(STORED DATA Opens)
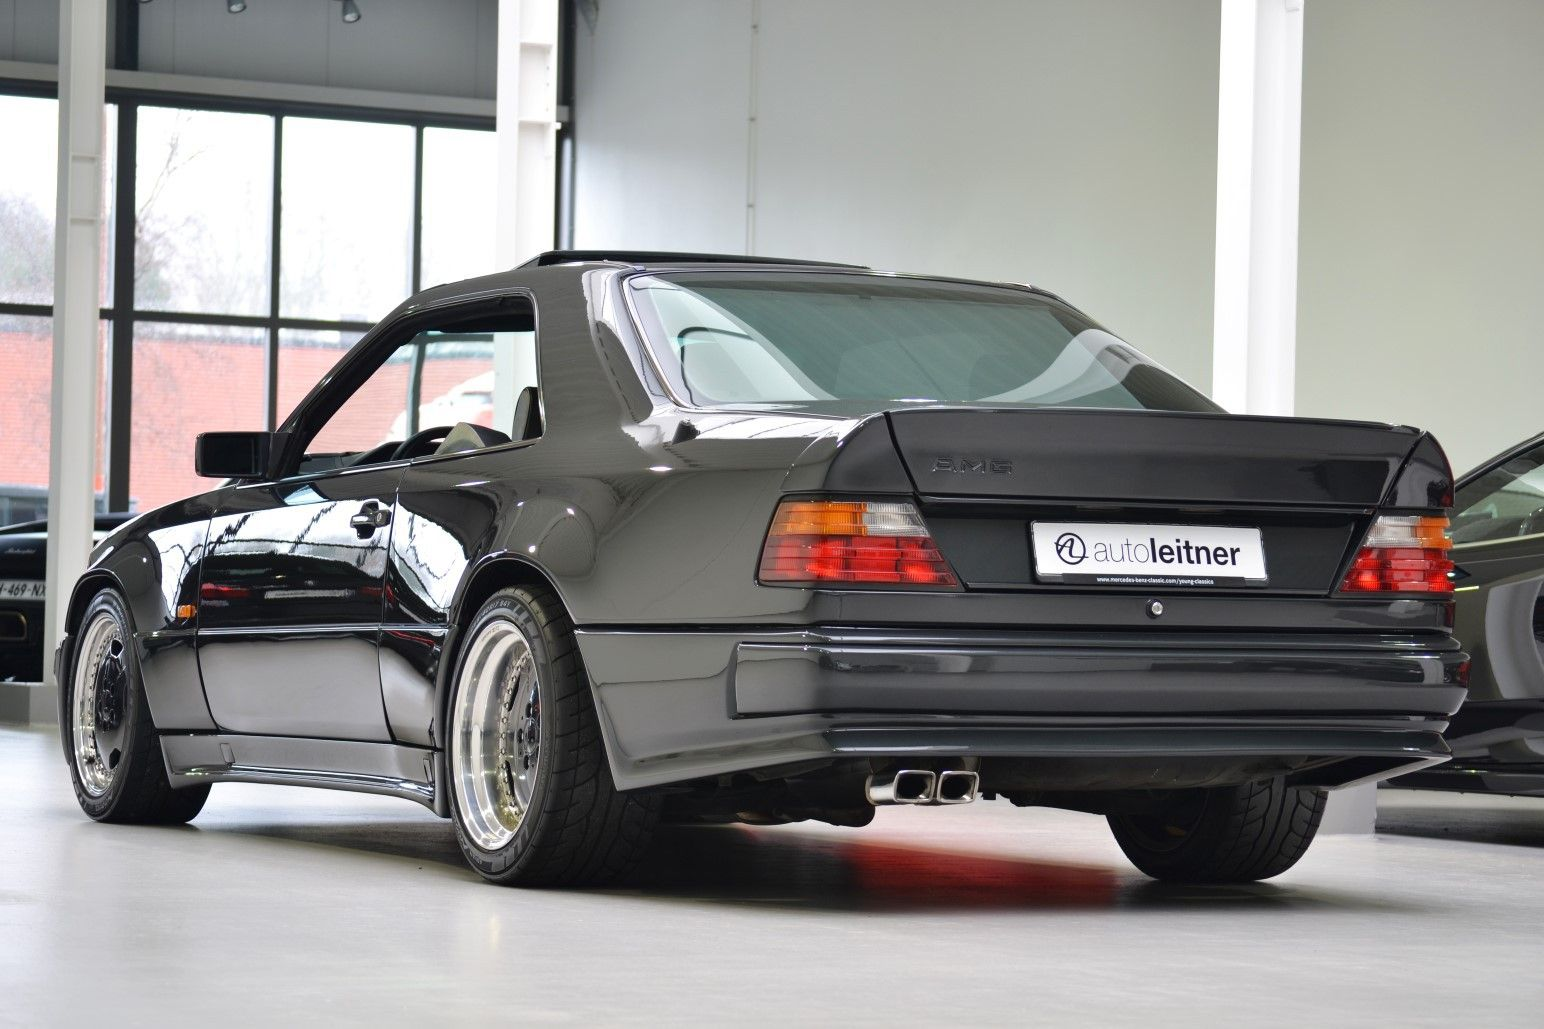 How many amg 6 0 4v w126 sec and sel cars were built amg side shot - 1987 Mercedes Amg Hammer Cars I Love Pinterest Mercedes Amg And Cars
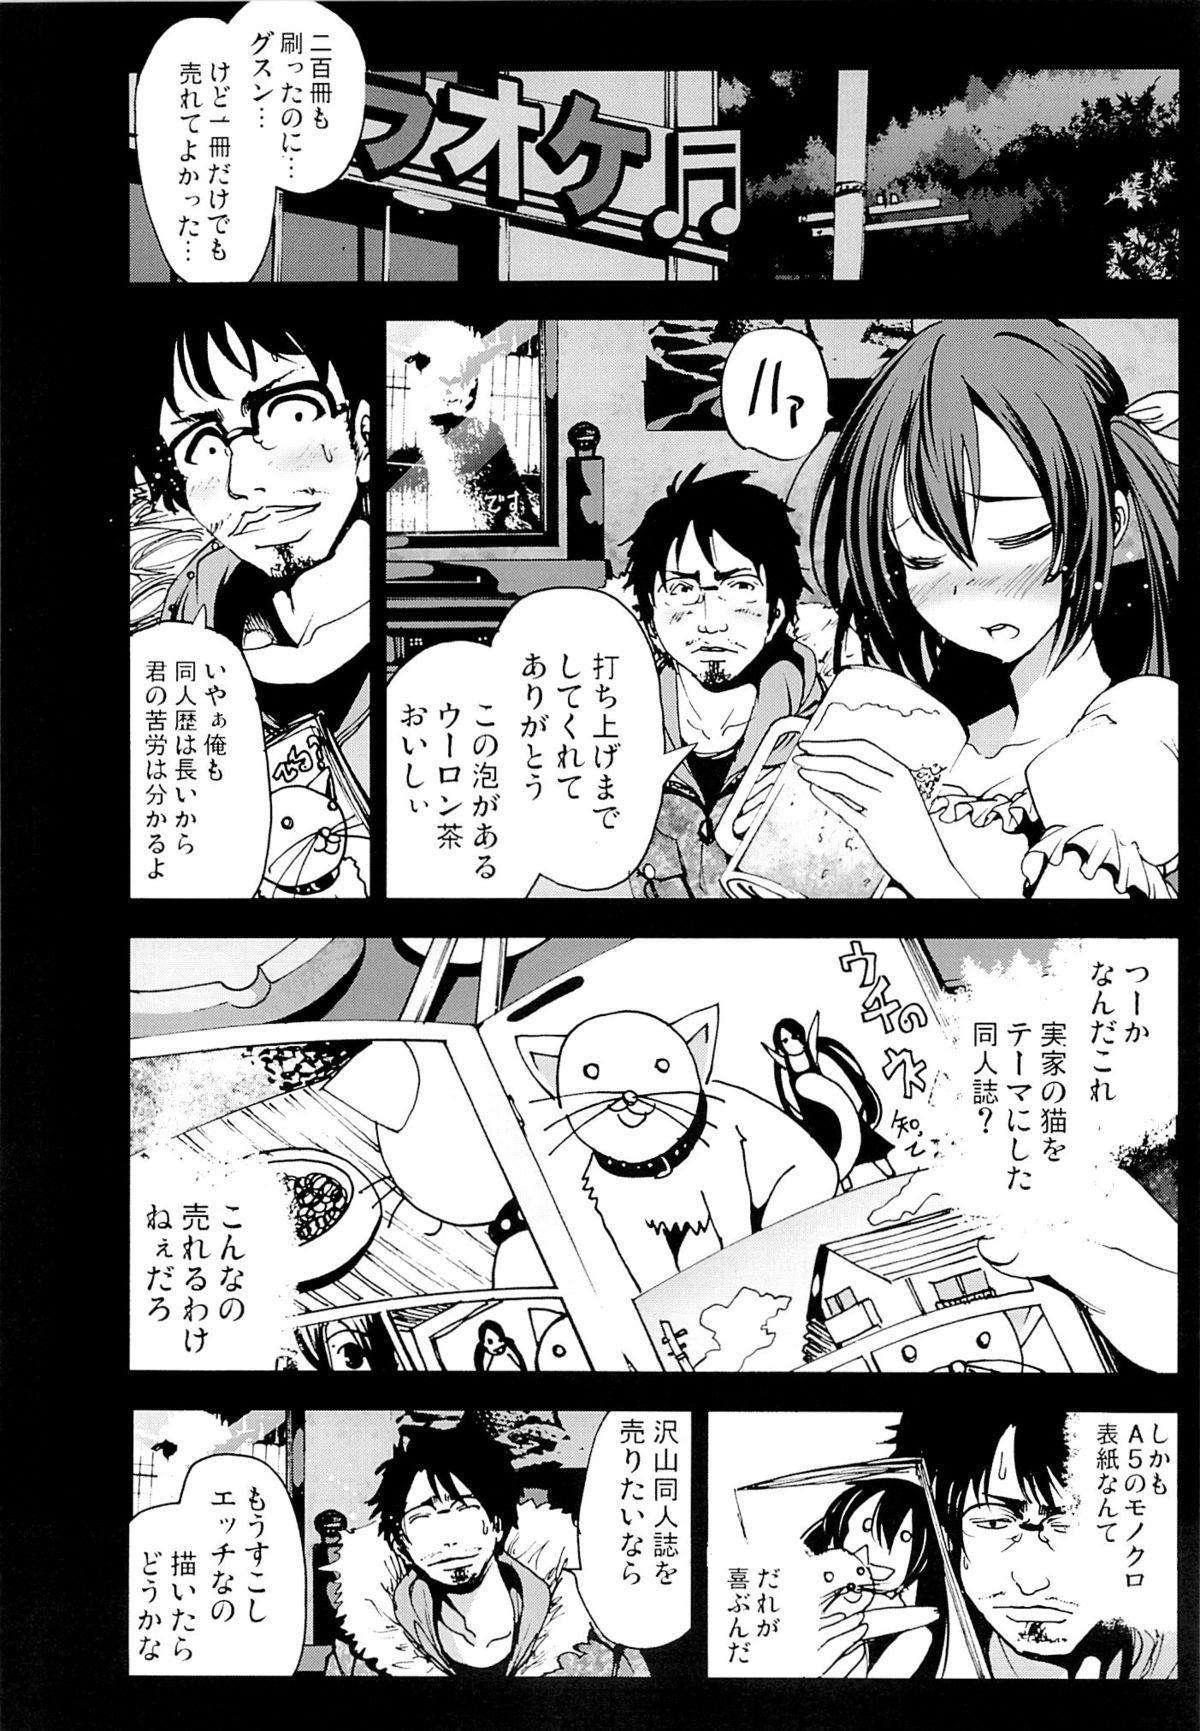 H na Doujinshi no Kakikata 6
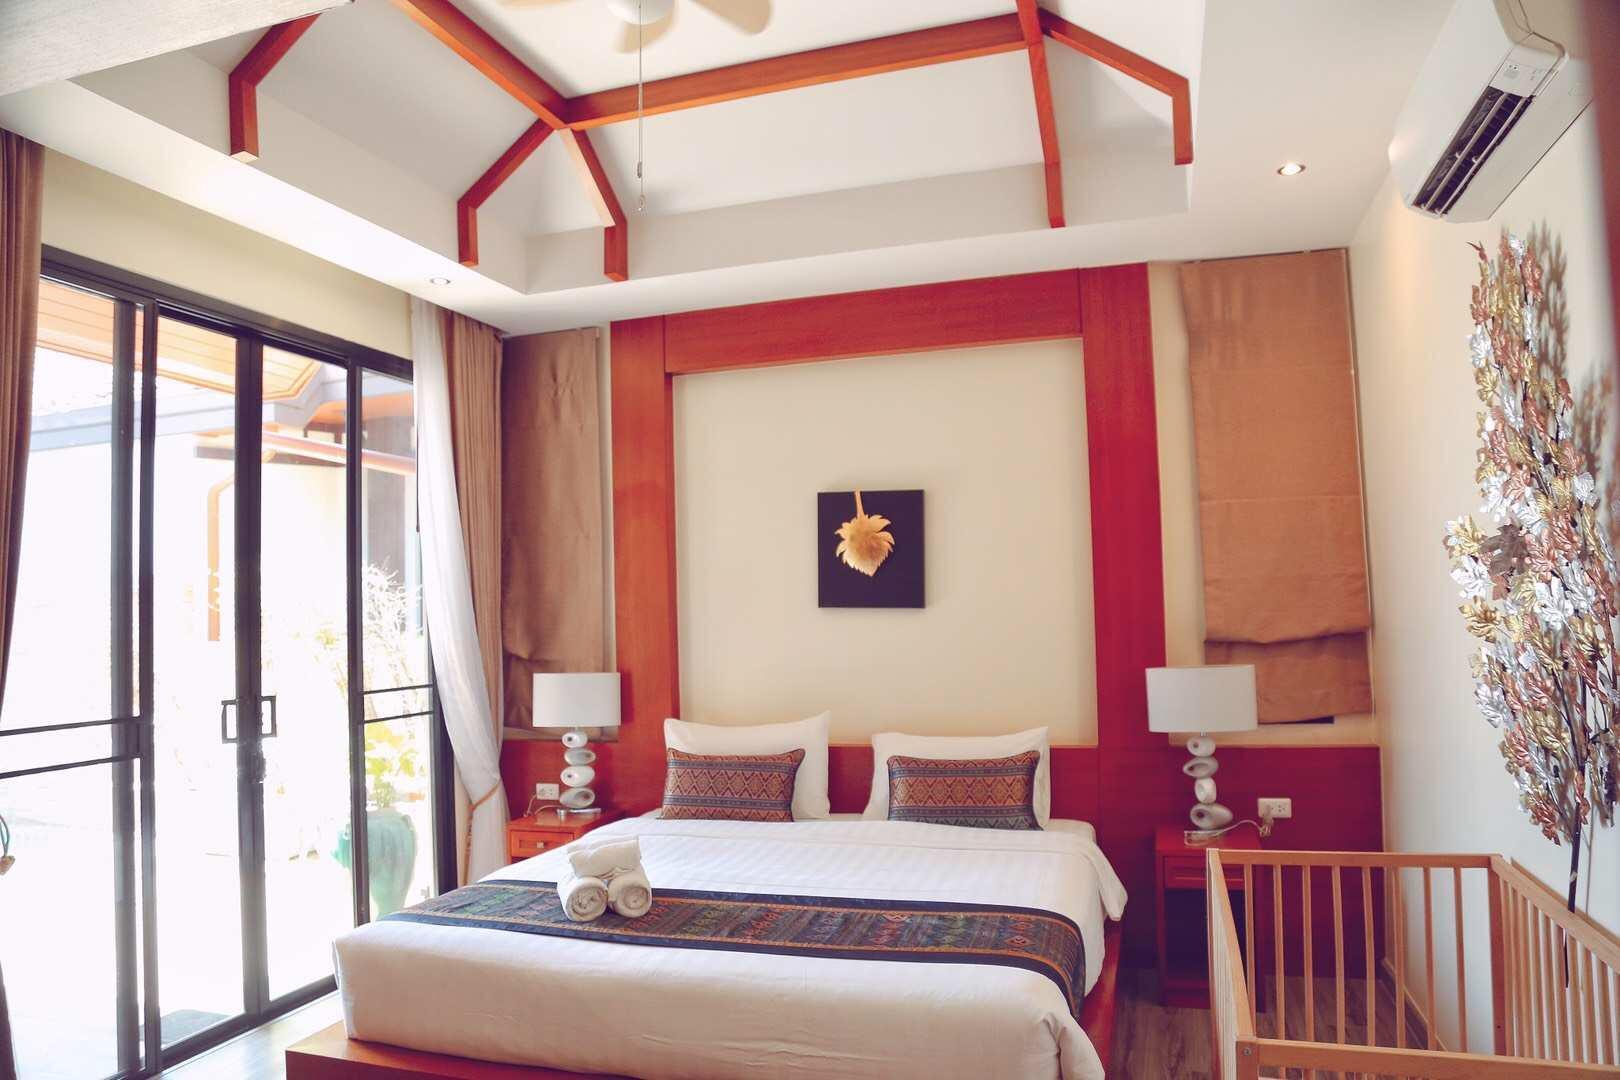 Rawai Luxury Villa (5 minutes walk to Rawai Beach) วิลลา 2 ห้องนอน 2 ห้องน้ำส่วนตัว ขนาด 150 ตร.ม. – หาดราไวย์
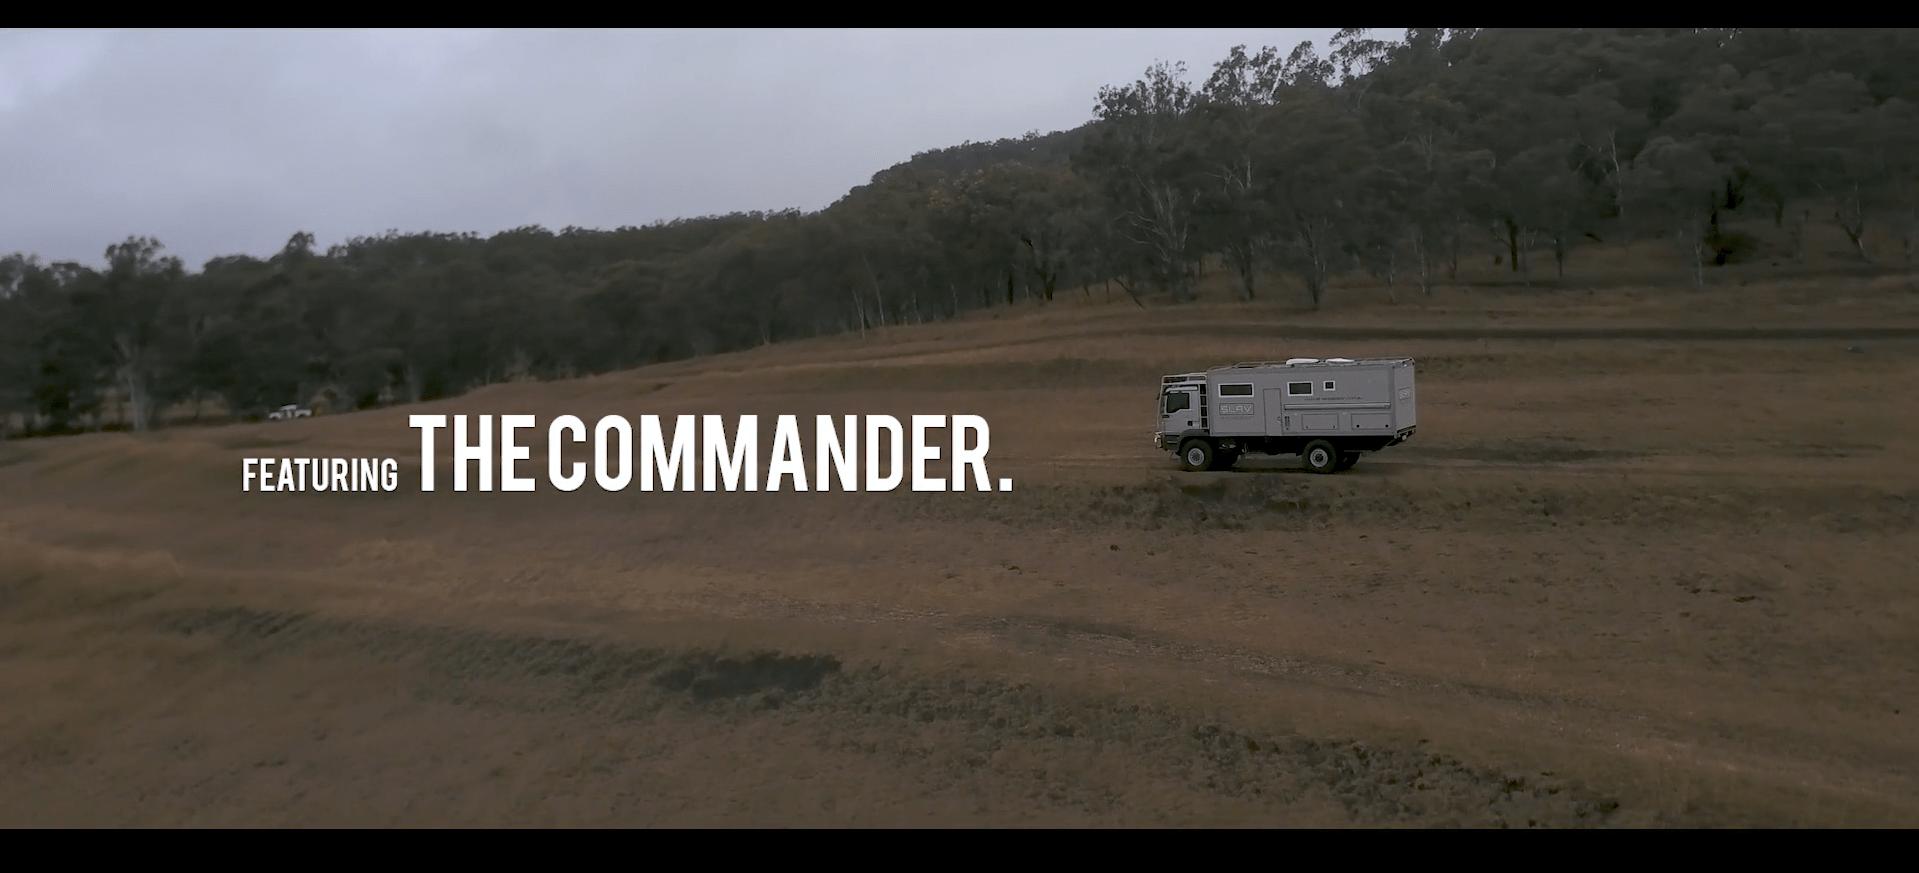 SLRV Expedition commander - AusGarage video production-min
(STORED DATA Closes)
[INSTRUCTIONS FOR THE TASK]:
Write the listing above out again exactly, dropping each image.

[EXERCISE SOLUTION]:
 How many amg 6 0 4v w126 sec and sel cars were built amg side shot - 1987 Mercedes Amg Hammer Cars I Love Pinterest Mercedes Amg And Cars
 H na Doujinshi no Kakikata 6
 Rawai Luxury Villa (5 minutes walk to Rawai Beach) วิลลา 2 ห้องนอน 2 ห้องน้ำส่วนตัว ขนาด 150 ตร.ม. – หาดราไวย์
 SLRV Expedition commander - AusGarage video production-min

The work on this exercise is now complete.